Friday, September 23, 2011

Mayor O'Brien steps down for personal reasons

Joe O'Brien has been a good mayor, a friend to many parts of our community, an open door and a breath of fresh air. On the issue I am most involved with - stopping the foreclosures and keeping people in their homes - he has been a friend and supporter. I agree with Clive that "... his decision not to seek re-election as mayor is a blow to the city." I fear that my own being too busy with other struggles and issues - such as making a living - to help with his reelection campaign may in some small way have contributed to his decision.

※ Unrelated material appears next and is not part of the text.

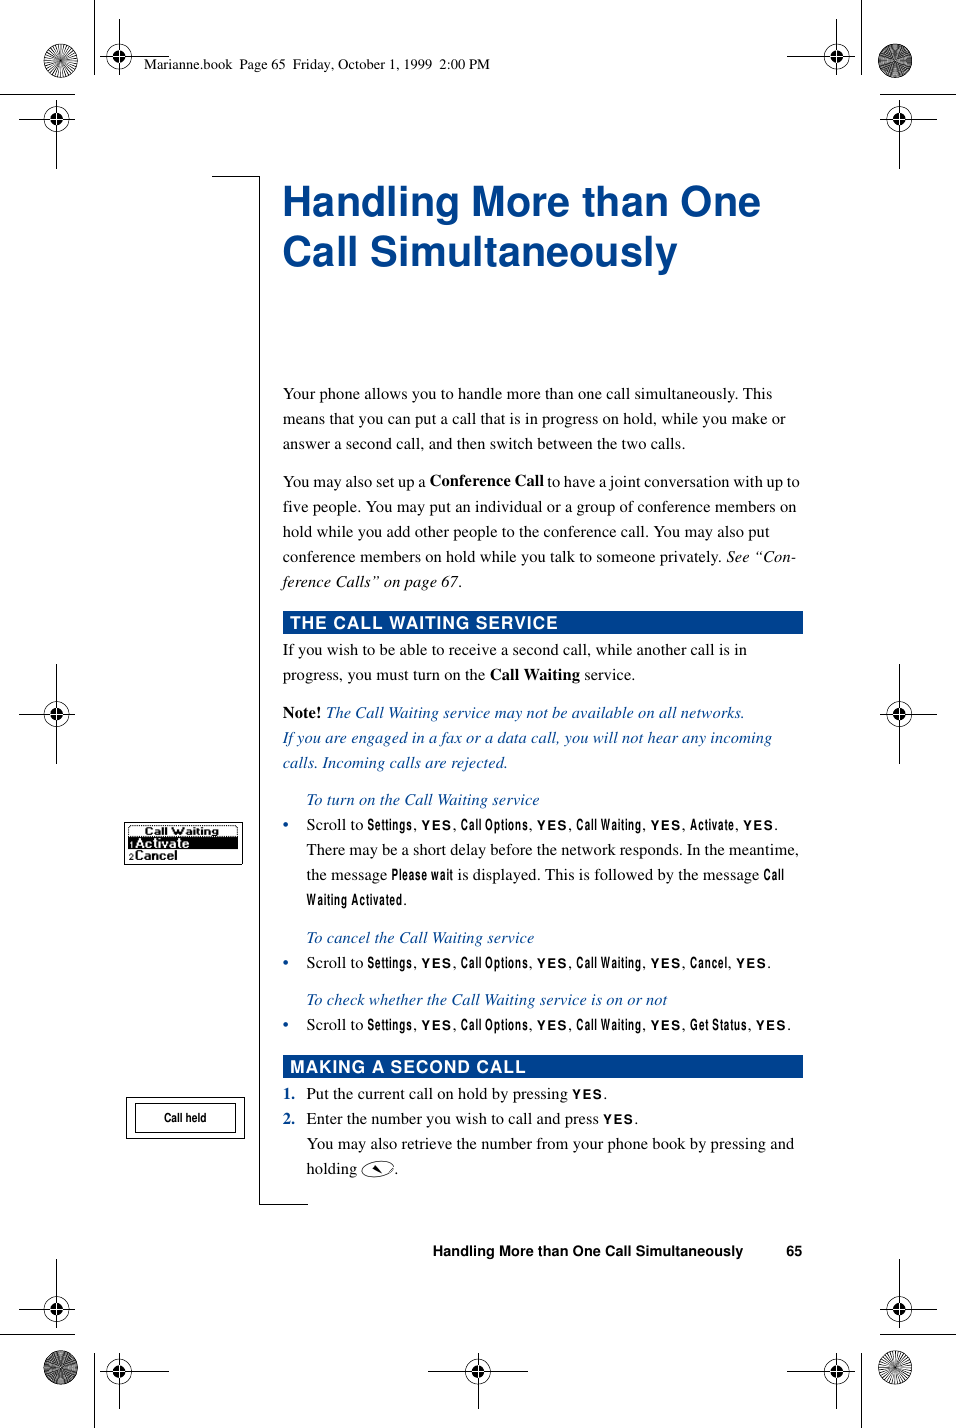 Handling More than One Call Simultaneously 65Handling More than One Call SimultaneouslyYour phone allows you to handle more than one call simultaneously. This means that you can put a call that is in progress on hold, while you make or answer a second call, and then switch between the two calls. You may also set up a Conference Call to have a joint conversation with up to five people. You may put an individual or a group of conference members on hold while you add other people to the conference call. You may also put conference members on hold while you talk to someone privately. See “Con-ference Calls” on page 67.If you wish to be able to receive a second call, while another call is in progress, you must turn on the Call Waiting service.Note! The Call Waiting service may not be available on all networks.If you are engaged in a fax or a data call, you will not hear any incoming calls. Incoming calls are rejected.To turn on the Call Waiting service•Scroll to Settings, YES, Call Options, YES, Call Waiting, YES, Activate, YES.There may be a short delay before the network responds. In the meantime, the message Please wait is displayed. This is followed by the message Call Waiting Activated.To cancel the Call Waiting service•Scroll to Settings, YES, Call Options, YES, Call Waiting, YES, Cancel, YES.To check whether the Call Waiting service is on or not•Scroll to Settings, YES, Call Options, YES, Call Waiting, YES, Get Status, YES.1. Put the current call on hold by pressing YES.2. Enter the number you wish to call and press YES.You may also retrieve the number from your phone book by pressing and holding é.THE CALL WAITING SERVICEMAKING A SECOND CALLCall heldMarianne.book  Page 65  Friday, October 1, 1999  2:00 PM

Clive also writes "Despite his advocacy for those 'living at the margin,' Mr. O’Brien also understood that helping them should not come at the expense of other residents." Joe's own experience with trying to juggle the mayor's seven-days 60-hour-a-week job and a challenging experience with fatherhood on $35k illustrates a deeper truth: lots of us are struggling to get by, struggling with issues of survival and holding our families together. This is not just a problem that is "over there" in Great Brook Valley, not just an immigrant problem or a "minority" problem.

A politics that deals with this, that supports us all, has to include reaching out to all those on the margins of our city. Our struggles are theirs too, and a politics that includes them is one that makes us more powerful, not less.

Joe's genius is that he understands this. Putting him in the Mayor's office was a win for all the regular people of Worcester. His personal decision to step down, discarding the gains of our past efforts, was a defeat for us all, whether he intended that or not. But we should not let our disappointment blind us to our need to keep his voice on the City Council.

That one person's decision to step down could so impact the work and interests of so many highlights the need for a different kind of politics, one that is not about candidates and personalities.